從松田叔叔已經贏下那場頭銜戰來看,棲川由紀認為他被汙蔑為兇手的事情應該不會再發生了。

這件事一解決,接下來就是hagi家的汽修廠的事情——原本經營順利、甚至準備開新的分店的汽修廠,最後因為經濟突然不景氣而倒閉了。

老實說,棲川由紀並沒有點任何和“經營汽修廠”相關的技能,她原本也非常頭禿,這件事情她好像沒有什麽思路去嘗試解決。

但是,就在她頭禿這件事的不久後,萩原研二家的汽修廠被一個汽車集團收購了。

“據說是對方看好家裏汽修廠的潛力,所以才決定收購的,給出的條件很優厚,後續也還是由老爸來經營。”
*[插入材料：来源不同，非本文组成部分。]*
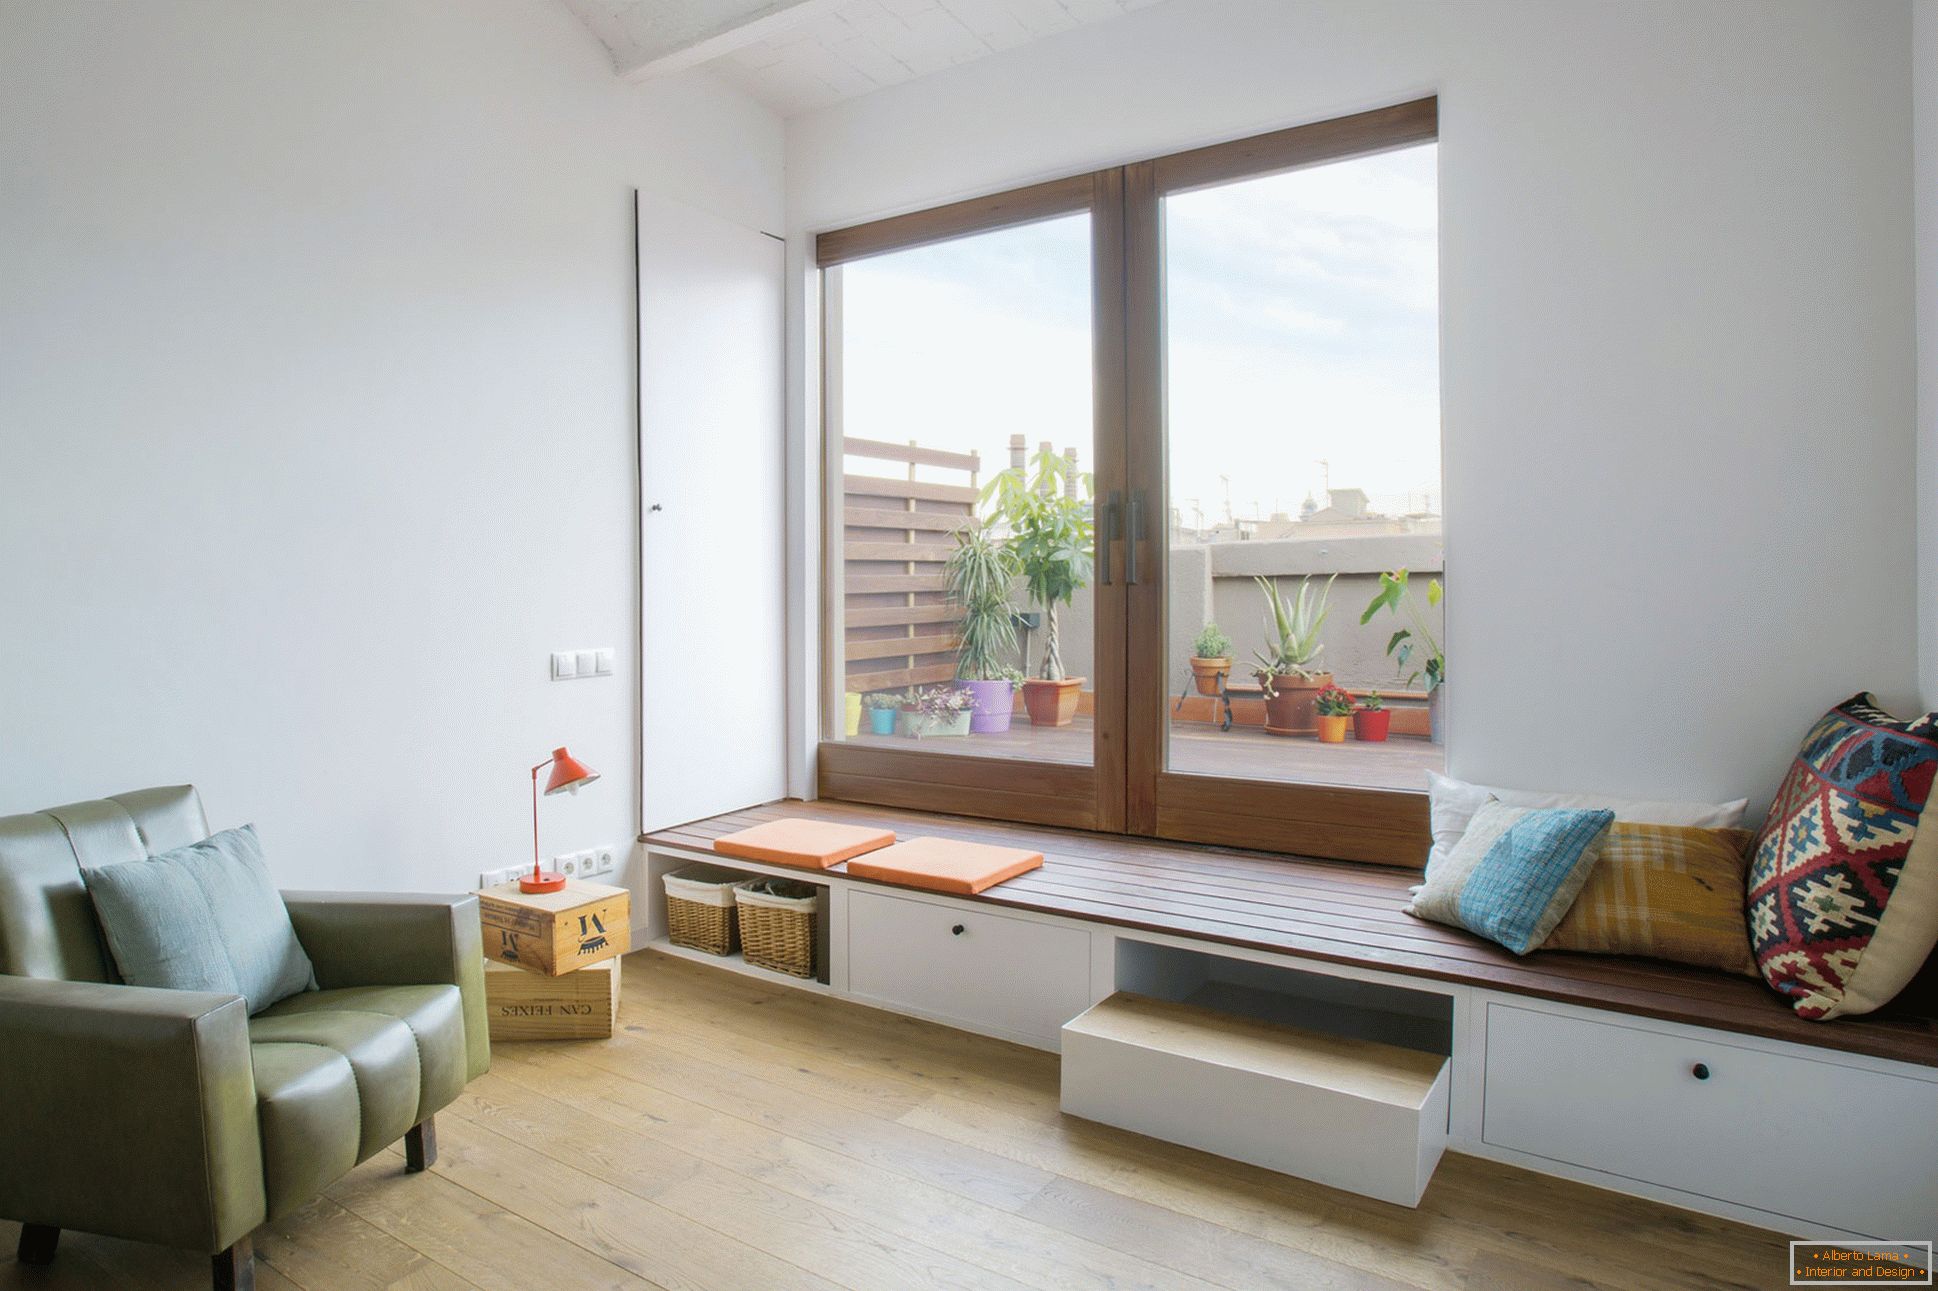 Interior design of a small apartment in Barcelona

萩原研二是這樣說的,“原本老爸不是已經打算開新的分店了嗎?被收購以後,因為背靠大樹的原因,還可以降低經營風險呢。”

棲川由紀一時之間覺得頭腦有些轉不過來。

是因為她的所作所為,作為蝴蝶翅膀扇動的那一下,引發了現在與之前完全不同的世界線嗎?

但她究竟又做到了什麽呢?

棲川由紀認為,自己什麽也沒做到。

伊藤誠因為意外服下女友打算自殺的毒藥,而提前死亡,導致沒能在幾年後出現在廢棄游樂場和人發生爭執,於是松田丈太郎沒有被冤枉為兇手,而是順利地參加了頭銜戰。
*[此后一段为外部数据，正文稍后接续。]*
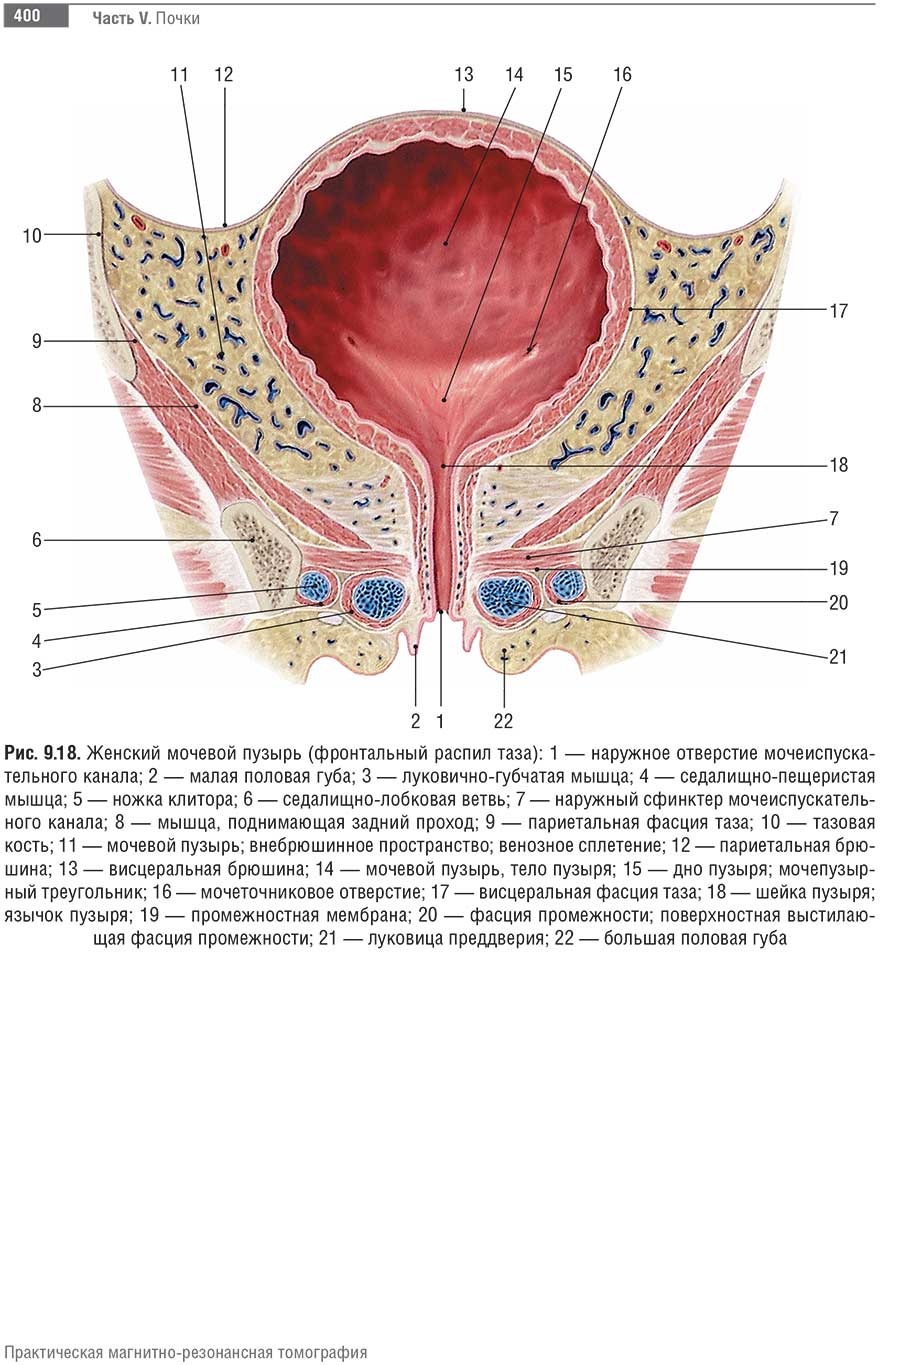 Женский мочевой пузырь (фронтальный распил таза)

就這件事情本身而言,“意外”才是導致事情結果發生改變的原因,而她只是剛了解了事情的表層,事情就已經結束了。

現在也是一樣的。

她什麽都不知道,不明白為什麽會這樣發生改變,但萩原研二家的汽修廠已經被收購了。

自以為預知到未來、所以可以改變些什麽的自己,才是什麽都不知道、什麽都沒做到的人。

只是蝴蝶效應在推動著事件發展向未知的未來。

棲川由紀為這一點感到非常的焦慮。

但所有的蝴蝶效應,都沒能影響一件事。

原本在被冤枉為殺人犯、錯過頭銜戰以後,松田丈太郎開始做什麽事都不順利,最後變了個人,開始酗酒。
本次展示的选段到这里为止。